TCD-NPE: A Re-configurable and Efficient Neural Processing Engine, Powered by Novel Temporal-Carry-deferring MACs
This work addresses energy and performance bottlenecks for hardware accelerators in machine learning, though it appears incremental as it builds on existing neural processing engine designs with novel MAC and scheduling optimizations.
The paper tackles the problem of energy and performance inefficiency in neural processing engines by proposing a Temporal-Carry-deferring MAC (TCD-MAC) and a reconfigurable TCD-NPE, resulting in significant improvements in energy consumption and execution time compared to conventional MAC-based solutions.
In this paper, we first propose the design of Temporal-Carry-deferring MAC (TCD-MAC) and illustrate how our proposed solution can gain significant energy and performance benefit when utilized to process a stream of input data.
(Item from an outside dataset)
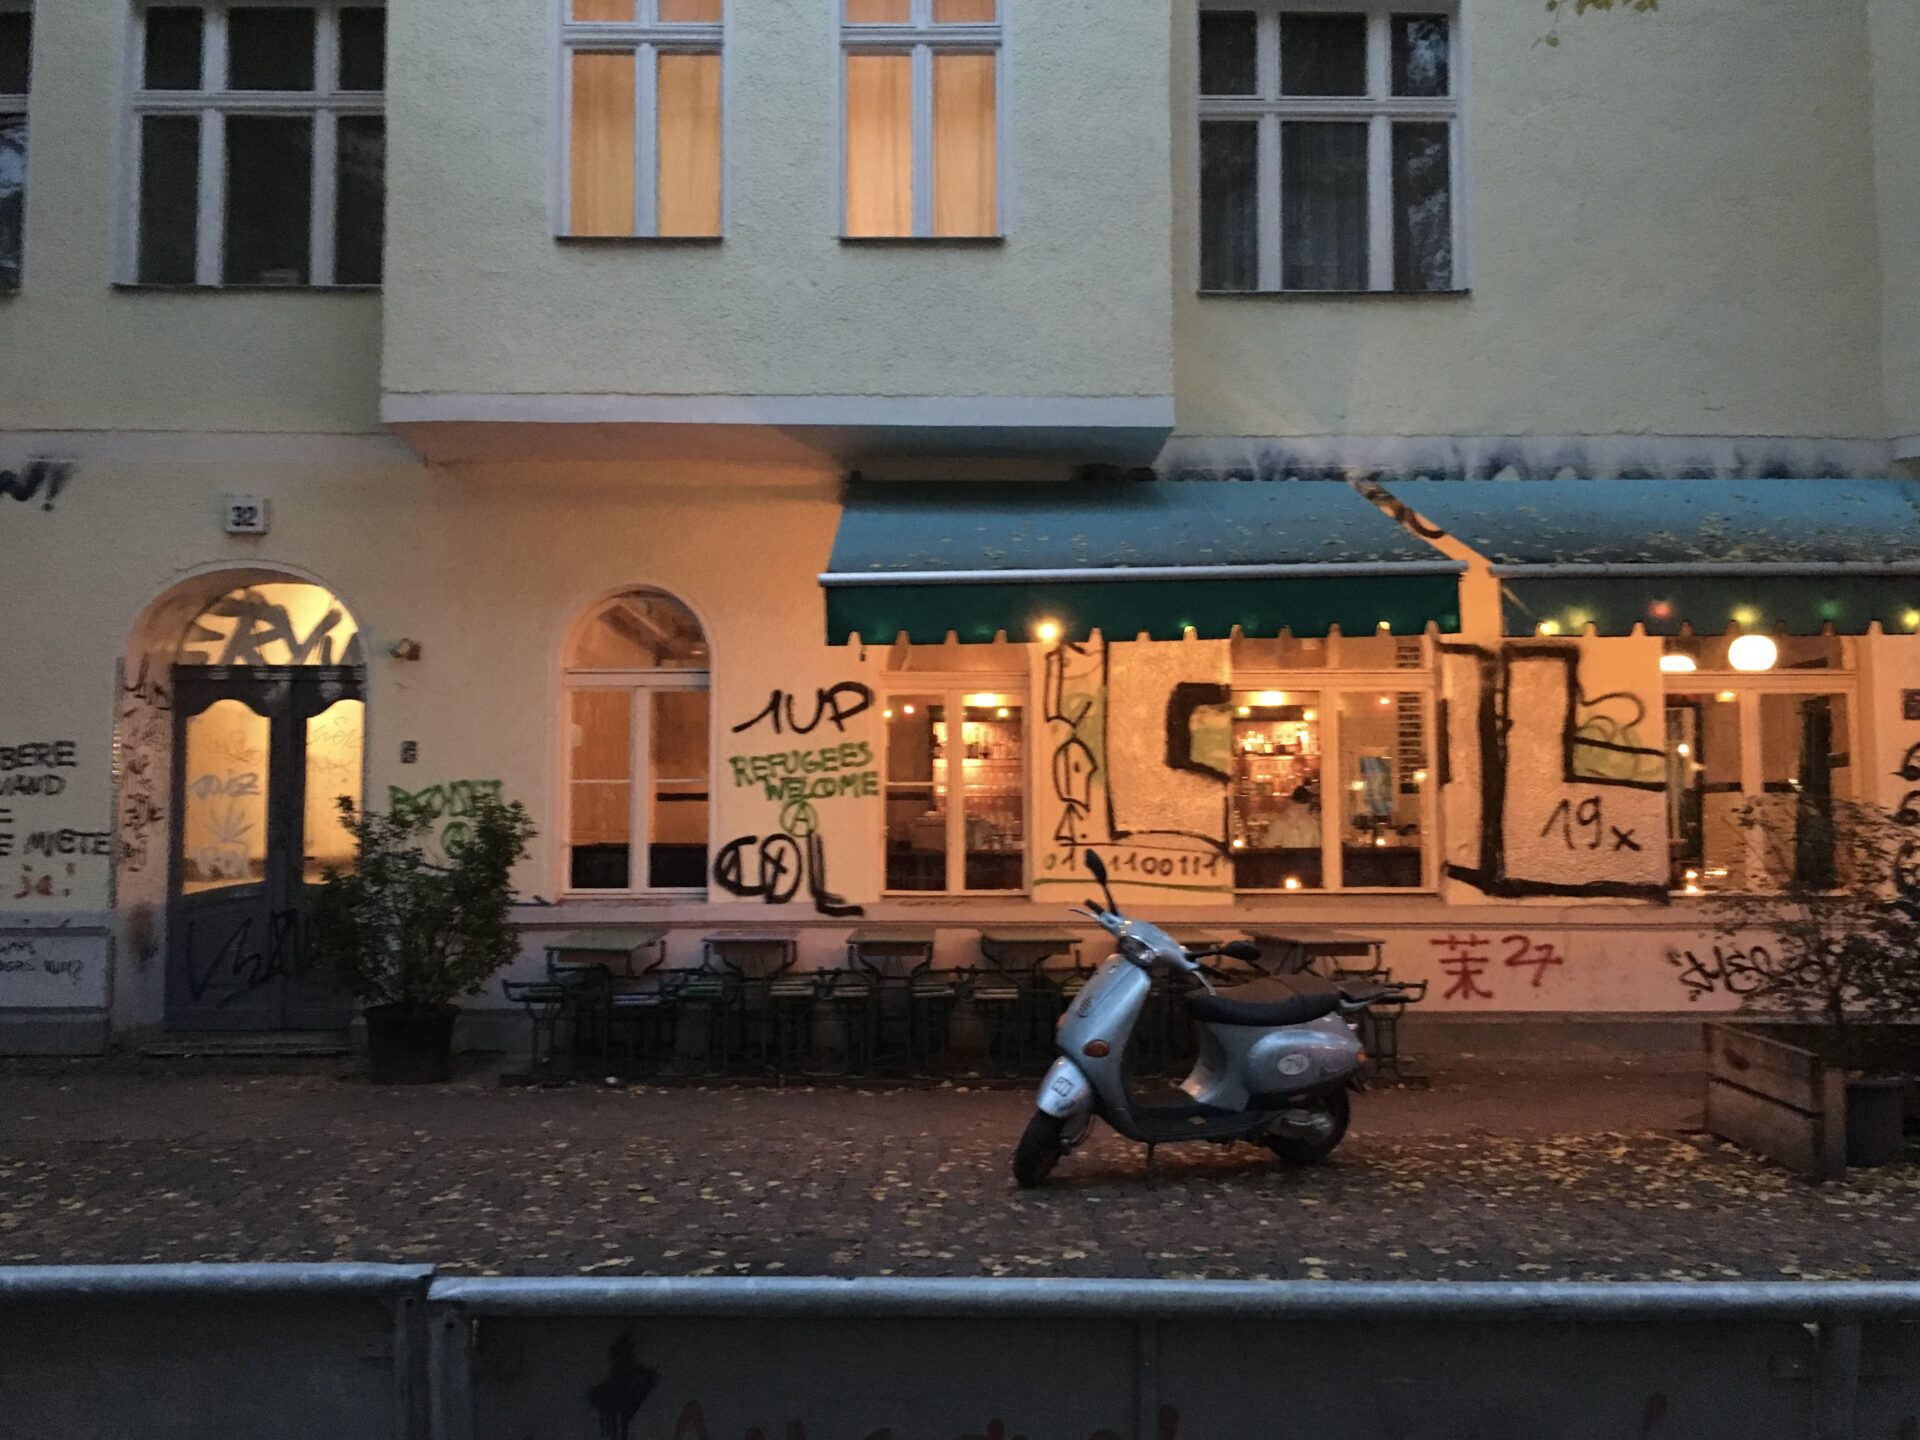 A moped is parked in front of a cafe in Berlin with the words "Refugees Welcome" written in grafiti

We then propose using the TCD-MAC to build a reconfigurable, high speed, and low power Neural Processing Engine (TCD-NPE). We, further, propose a novel scheduler that lists the sequence of needed processing events to process an MLP model in the least number of computational rounds in our proposed TCD-NPE. We illustrate that our proposed TCD-NPE significantly outperform similar neural processing solutions that use conventional MACs in terms of both energy consumption and execution time.